Projection (linear Algebra) - Projections On Normed Vector Spaces

Projections On Normed Vector Spaces

When the underlying vector space X is a (not necessarily finite-dimensional) normed vector space, analytic questions, irrelevant in the finite-dimensional case, need to be considered. Assume now X is a Banach space.

Many of the algebraic notions discussed above survive the passage to this context. A given direct sum decomposition of X into complementary subspaces still specifies a projection, and vice versa. If X is the direct sum X = U ⊕ V, then the operator defined by P(u + v) = u is still a projection with range U and kernel V. It is also clear that P2 = P. Conversely, if P is projection on X, i.e. P2 = P, then it is easily verified that (I − P)2 = (I − P). In other words, (I − P) is also a projection. The relation I = P + (I − P) implies X is the direct sum Ran(P) ⊕ Ran(I − P).

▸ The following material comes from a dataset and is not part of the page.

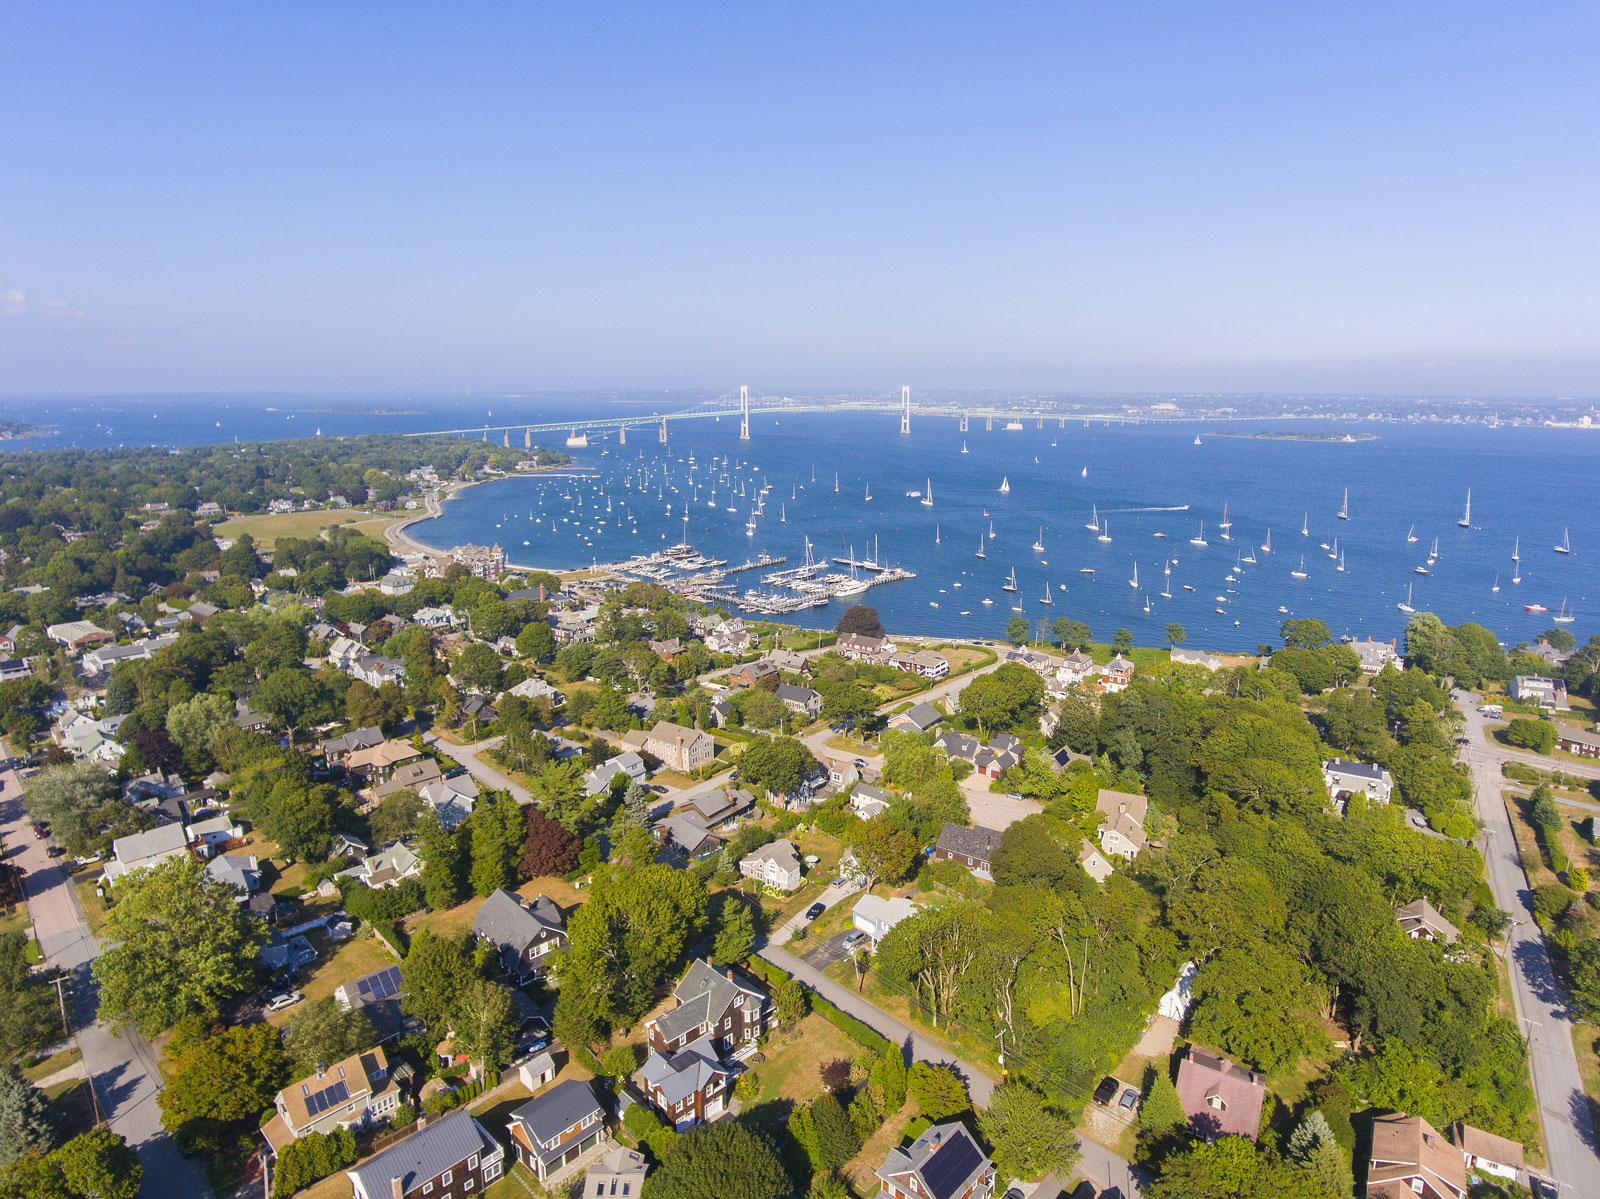 4 Things to See and Do Around Johnston, Rhode Island
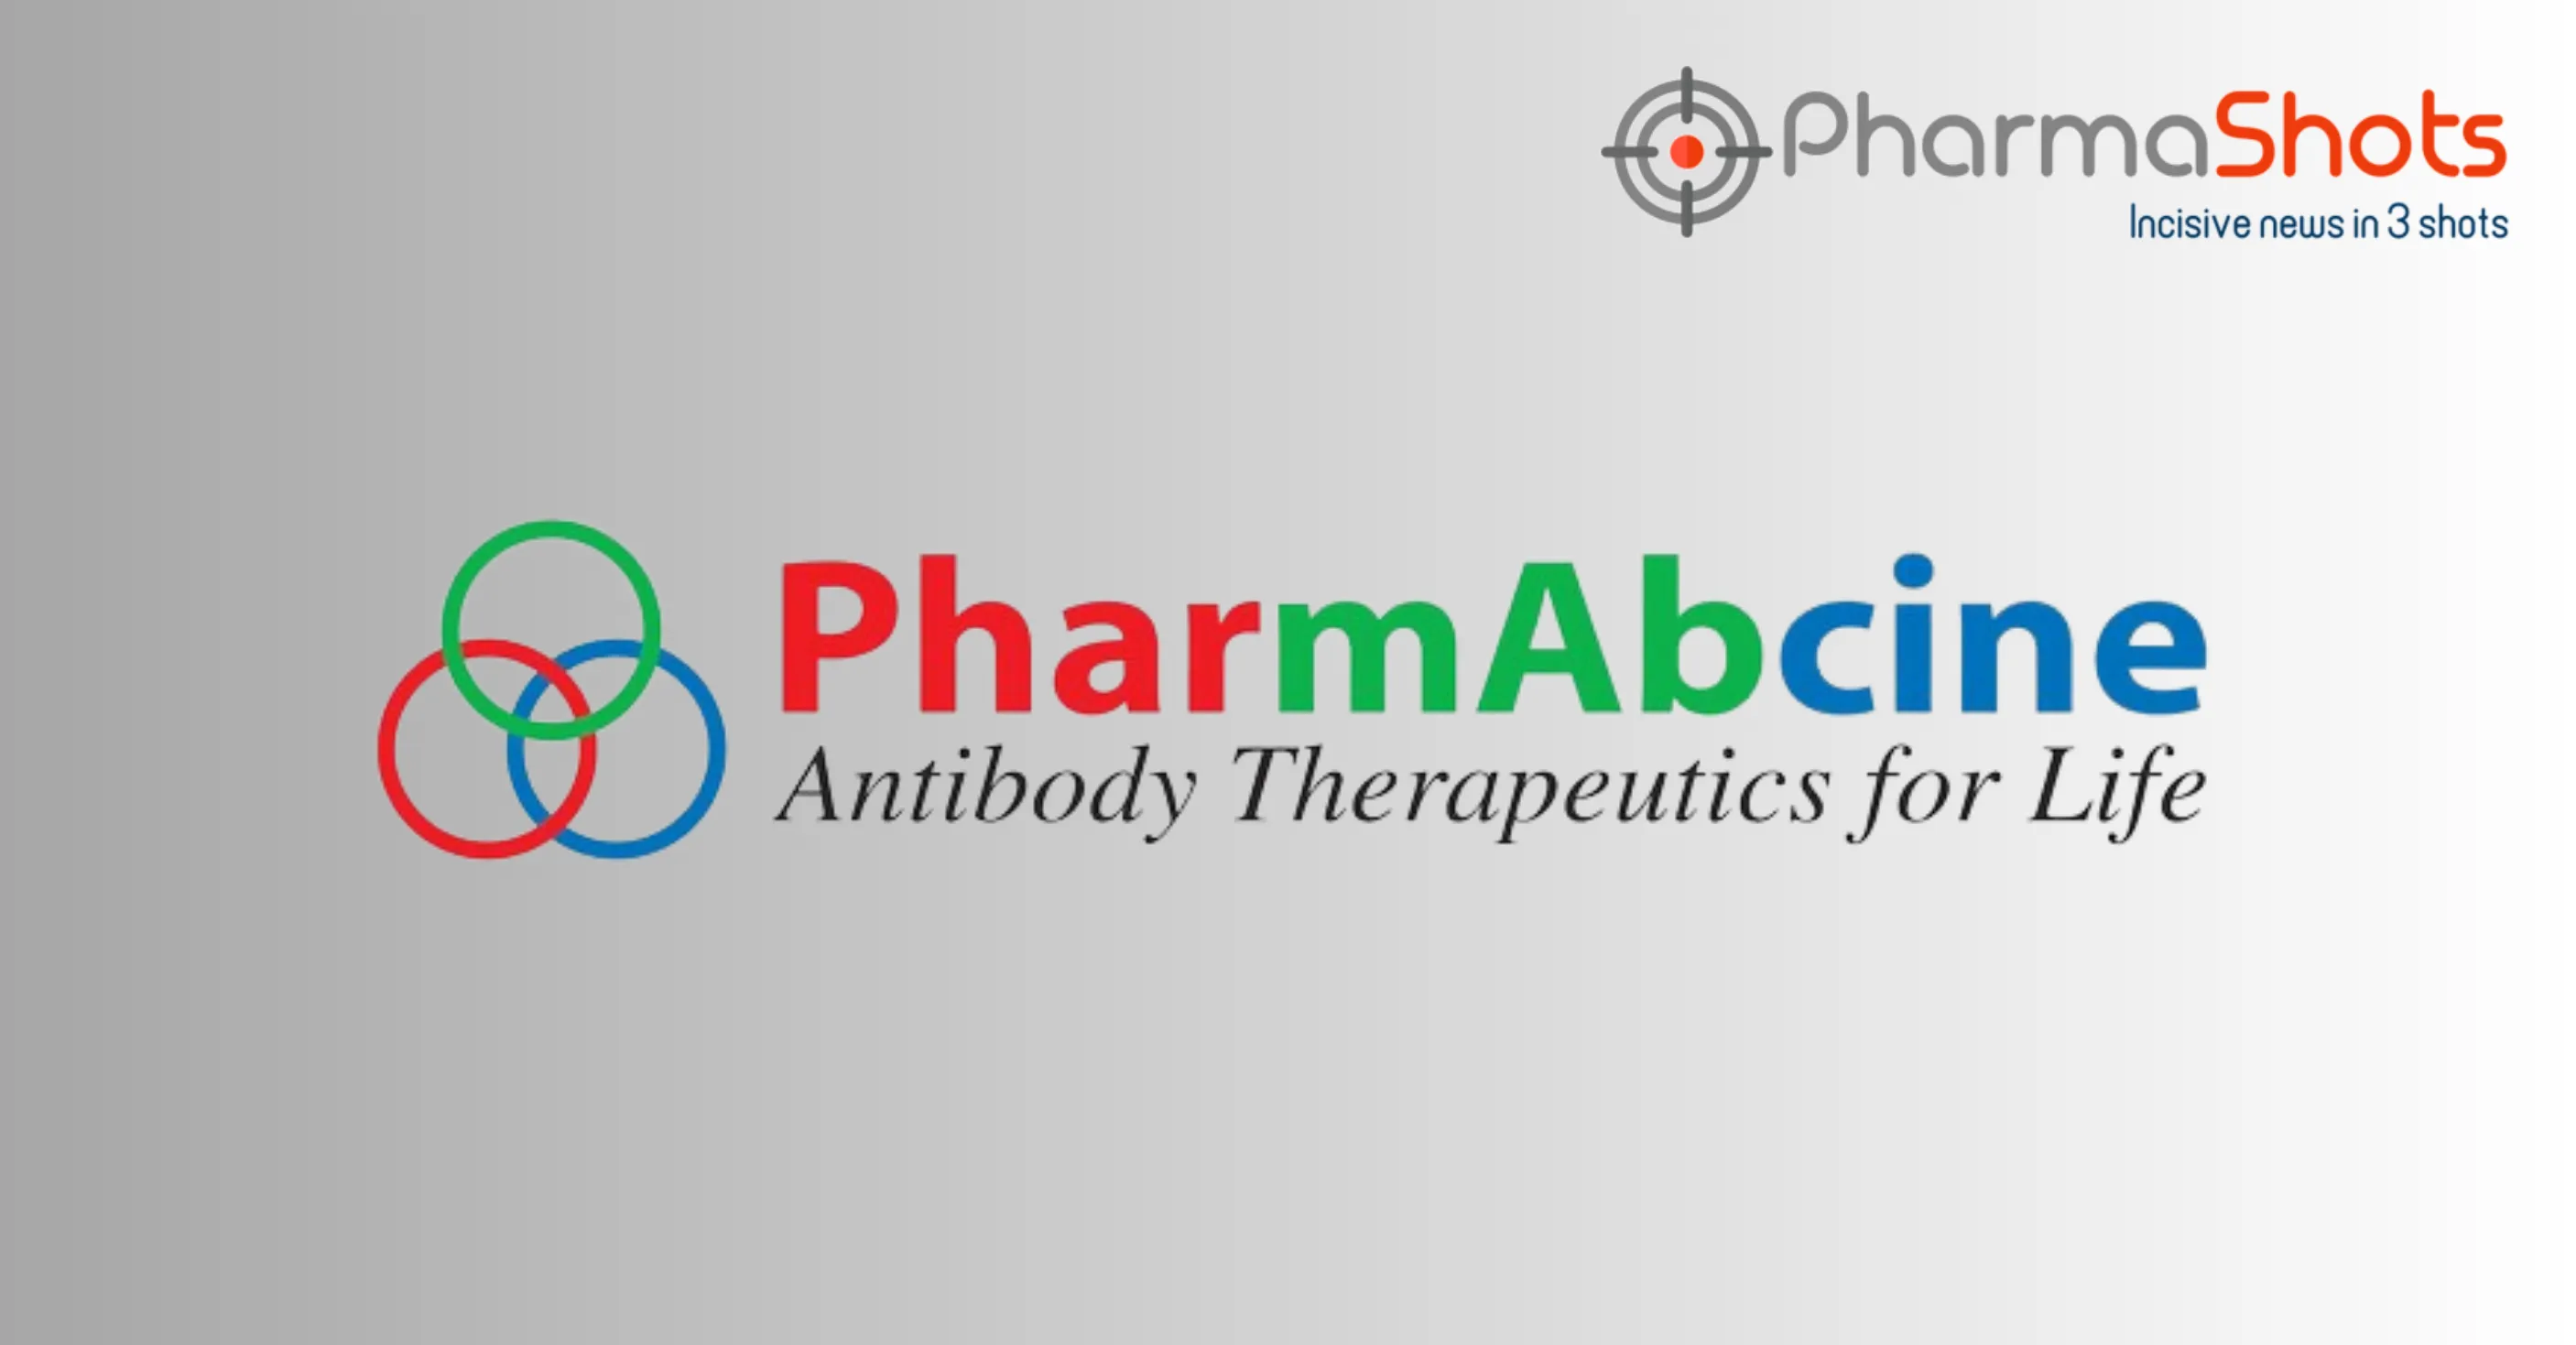 PharmAbcine Announced the Preclinical Data of PMC-403 for Idiopathic Systemic Capillary Leak Syndrome (ISCLS, a.k.a. Clarkson Disease)

However, in contrast to the finite-dimensional case, projections need not be continuous in general. If a subspace U of X is not closed in the norm topology, then projection onto U is not continuous. In other words, the range of a continuous projection P must be a closed subspace. Furthermore, the kernel of a continuous projection (in fact, a continuous linear operator in general) is closed. Thus a continuous projection P gives a decomposition of X into two complementary closed subspaces: X = Ran(P) ⊕ Ker(P) = Ran(P) ⊕ Ran(I − P).

The converse holds also, with an additional assumption. Suppose U is a closed subspace of X. If there exists a closed subspace V such that X = U ⊕ V, then the projection P with range U and kernel V is continuous. This follows from the closed graph theorem. Suppose x_n → x and Px_n → y. One needs to show Px = y. Since U is closed and {Px_n} ⊂ U, y lies in U, i.e. Py = y. Also, x_n − Px_n = (I − P)x_n → x − y. Because V is closed and {(I − P)x_n} ⊂ V, we have x − y ∈ V, i.e. P(x − y) = Px − Py = Px − y = 0, which proves the claim.

The above argument makes use of the assumption that both U and V are closed. In general, given a closed subspace U, there need not exist a complementary closed subspace V, although for Hilbert spaces this can always be done by taking the orthogonal complement. For Banach spaces, a one-dimensional subspace always has a closed complementary subspace. This is an immediate consequence of Hahn–Banach theorem. Let U be the linear span of u. By Hahn–Banach, there exists a bounded linear functional Φ such that φ(u) = 1. The operator P(x) = φ(x)u satisfies P2 = P, i.e. it is a projection. Boundedness of φ implies continuity of P and therefore Ker(P) = Ran(I − P) is a closed complementary subspace of U.

However, every continuous projection on a Banach space is an open mapping, by the open mapping theorem.